-- Directions --
Reproduce each line of the following material exactly, omitting the images.

-- Provided material --
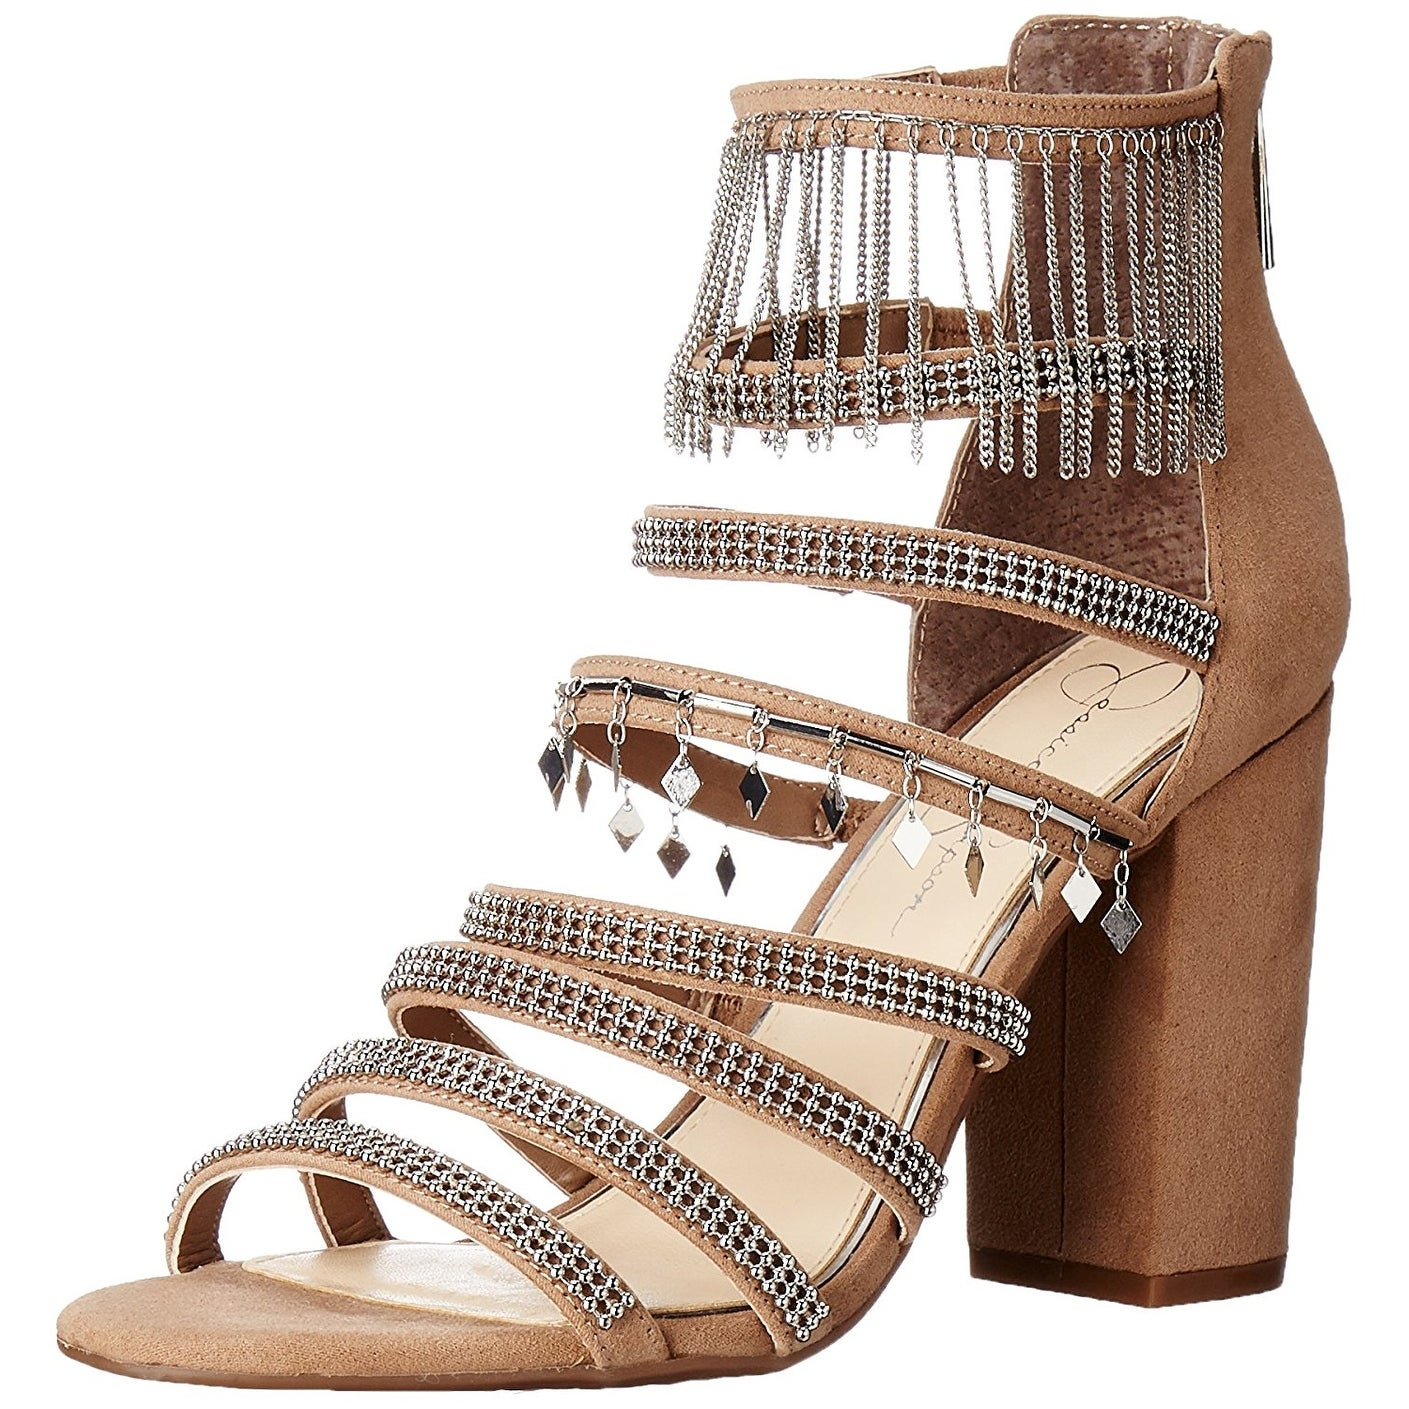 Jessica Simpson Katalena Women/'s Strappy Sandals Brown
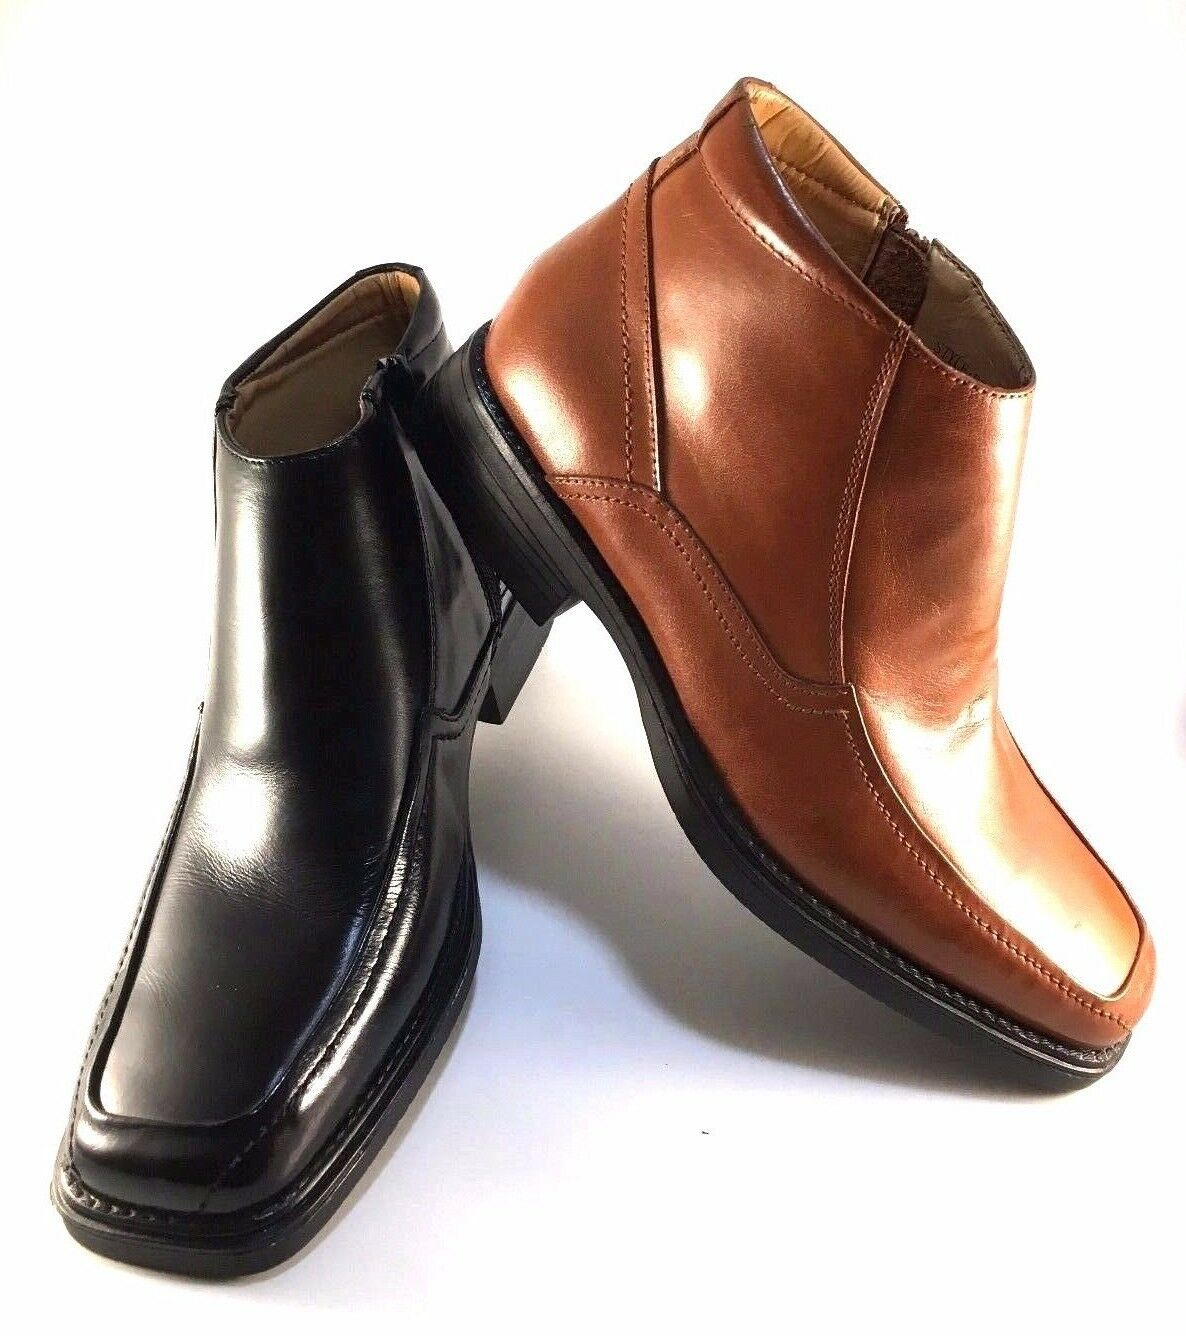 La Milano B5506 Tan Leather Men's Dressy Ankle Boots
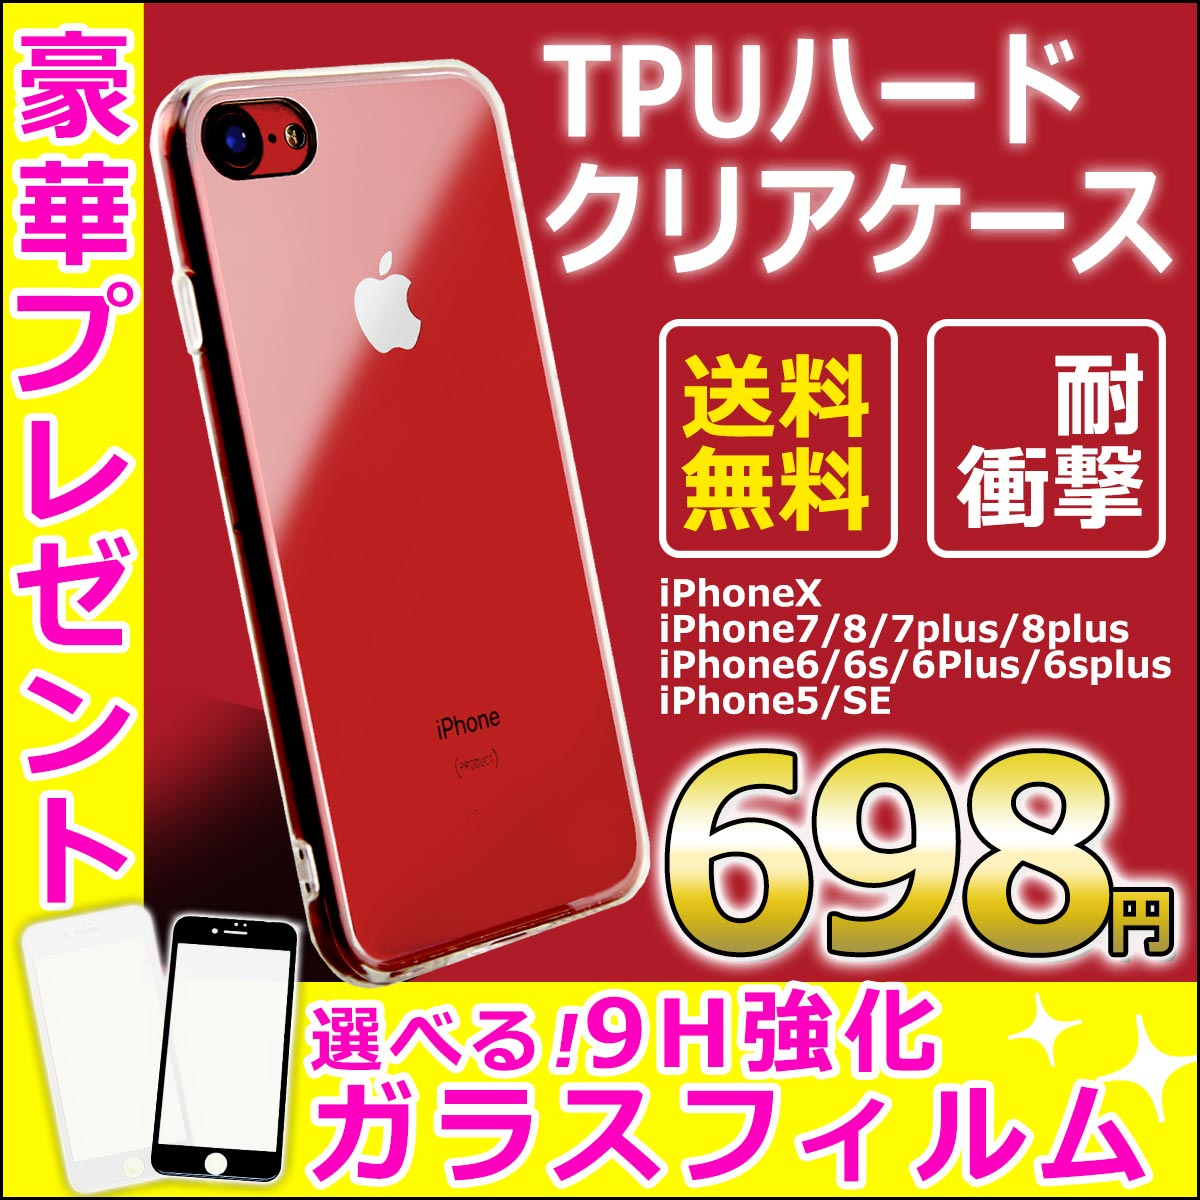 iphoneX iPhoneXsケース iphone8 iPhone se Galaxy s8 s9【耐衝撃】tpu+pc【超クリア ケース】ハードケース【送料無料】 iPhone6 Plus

-- Solved exercise --
 Jessica Simpson Katalena Women/'s Strappy Sandals Brown
 La Milano B5506 Tan Leather Men's Dressy Ankle Boots
 iphoneX iPhoneXsケース iphone8 iPhone se Galaxy s8 s9【耐衝撃】tpu+pc【超クリア ケース】ハードケース【送料無料】 iPhone6 Plus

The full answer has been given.